You already know the answer. There is no best tool.
The best tool is the one that works best for you. That doesn’t mean your organization is a special snowflake, it just means your organization has its own specific context and that’s ok.
So how do you go about choosing a tool? The good news is that it’s actually not that complicated.
You need to start out by doing some homework. Investigate some options that seem as if they may work for your context. Focus on your current needs. Planning for those long-term future needs is often wasteful because by the time you get there everything beneath you has changed.
Here’s an example of how you can address your situation:
Maybe you’re currently using Jira and you realize that Jira out of the box doesn’t quite give you what you need. Investigate some Jira plugins. Maybe there’s something out there that addresses your needs. Also, look at tools that integrate with Jira. In other words, look at tools that still allow you to use Jira while providing other functionality. Yes, it can be cumbersome to switch between 2 tools, but if both tools provide lots of value, users are unlikely to complain.
On the flip side, maybe the organization is willing to avoid the sunken cost fallacy and consider non-Jira solutions. The same rules apply. Do some investigation and consider which options are viable.
Once you have some real options in front of you (ideally 2-3), perform an MVP on all options. What???
That’s right, practice what you preach. You ask your teams to address uncertainty and de-risk, now it's time for your to do the same.
But how do you do that? Again, it sounds complicated but it really isn’t.
Contact the sales person for each product and obtain a free trial licence. You might even be able to obtain a limited time full licence without talking to anyone.
Anyways, use your trial products the same way you would use your current tool and do so for a predetermined amount of time that gives you enough time to assess each product.

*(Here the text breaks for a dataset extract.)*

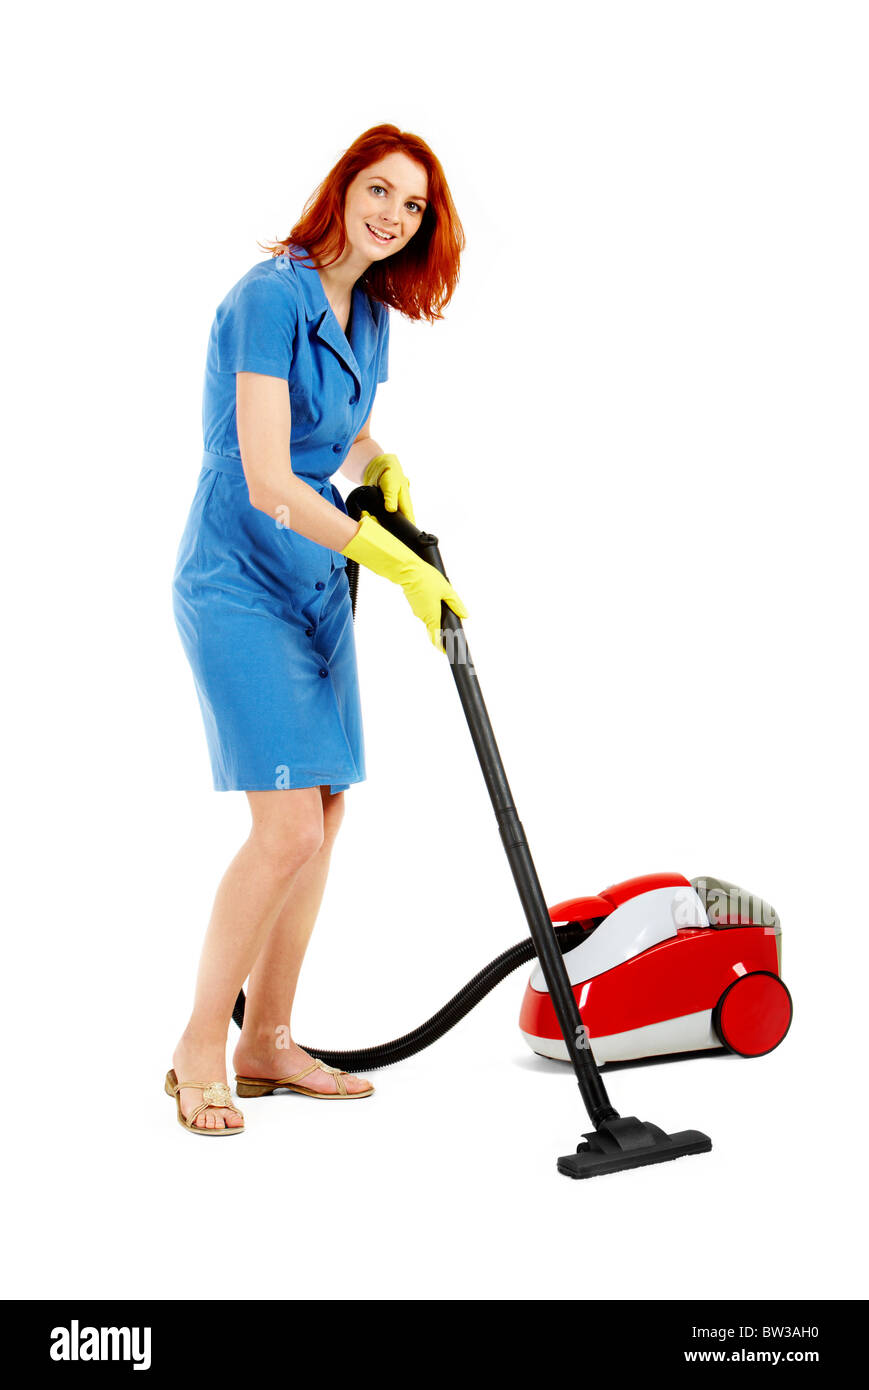 Portrait of nice housewife doing housework with vacuum cleaner Stock Photo
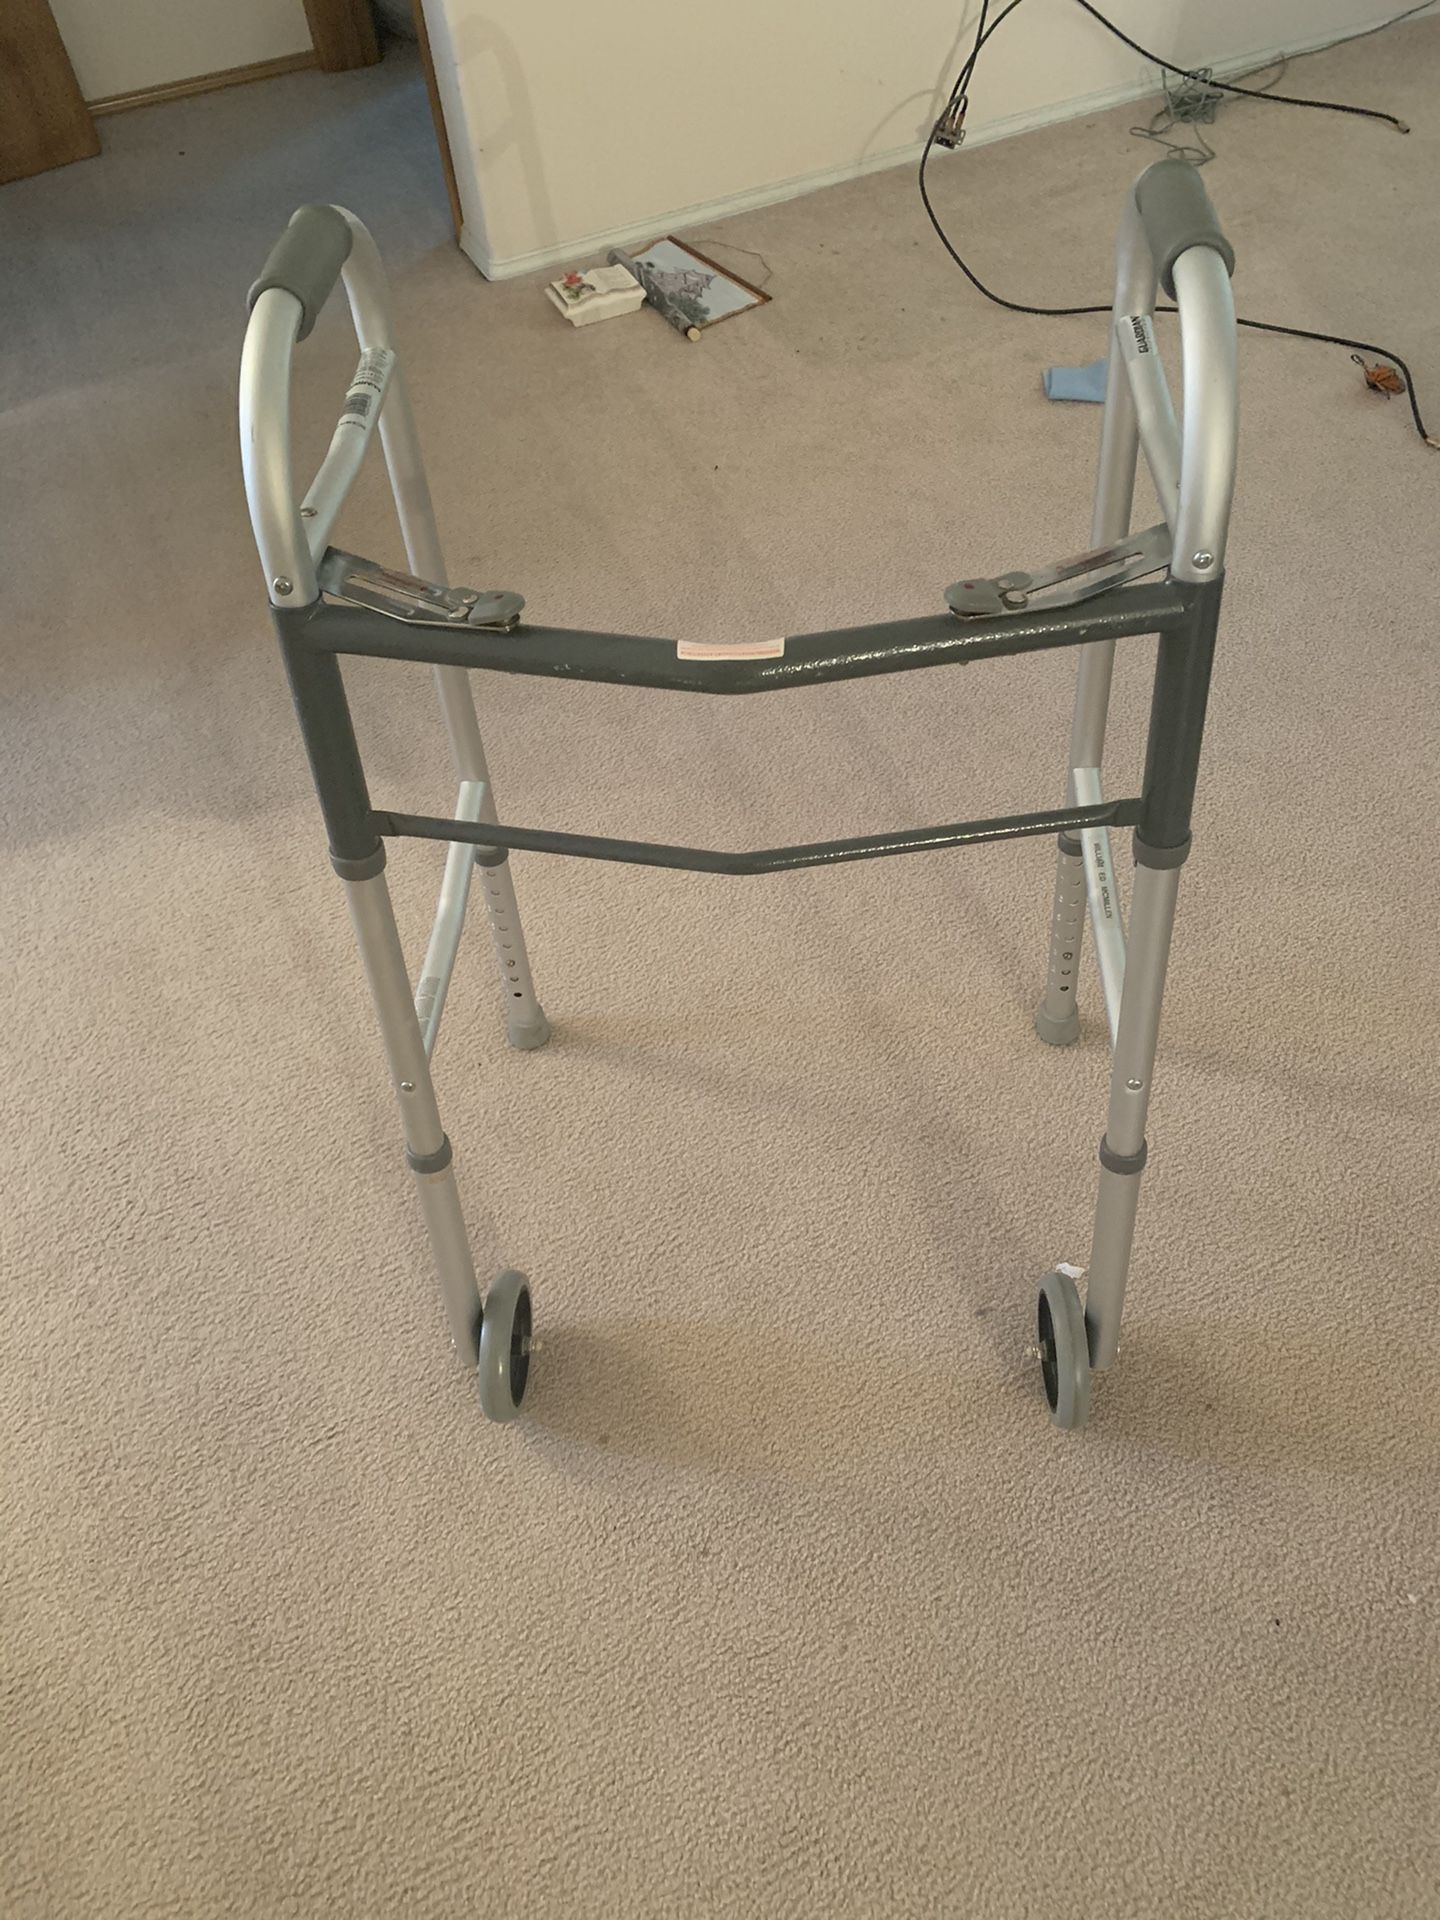 Walker for Seniors or surgery recovery. One with wheels $20 One without wheels $15

As you progress you’ll be able to eliminate some products. Hopefully, by the end of your trial period you have 1 or 2 options that are still viable. If you have more than one, you have a decision to make.
This concept is crazy. Why wouldn’t I just pick the right product from the beginning and not waste all the time on the other products? If I just do some more upfront analysis, i can surely arrive at the decision I need. Does this sound familiar? BUFD (Big Up Front Design). We all know how well that works. This is what happens when leaders don’t practice what they preach. They fall back into their old ways of doing things even though they demand that their teams operate in the “new” way.
So, if you want to improve your Agile tooling, treat the effort/initiative as any other type of work.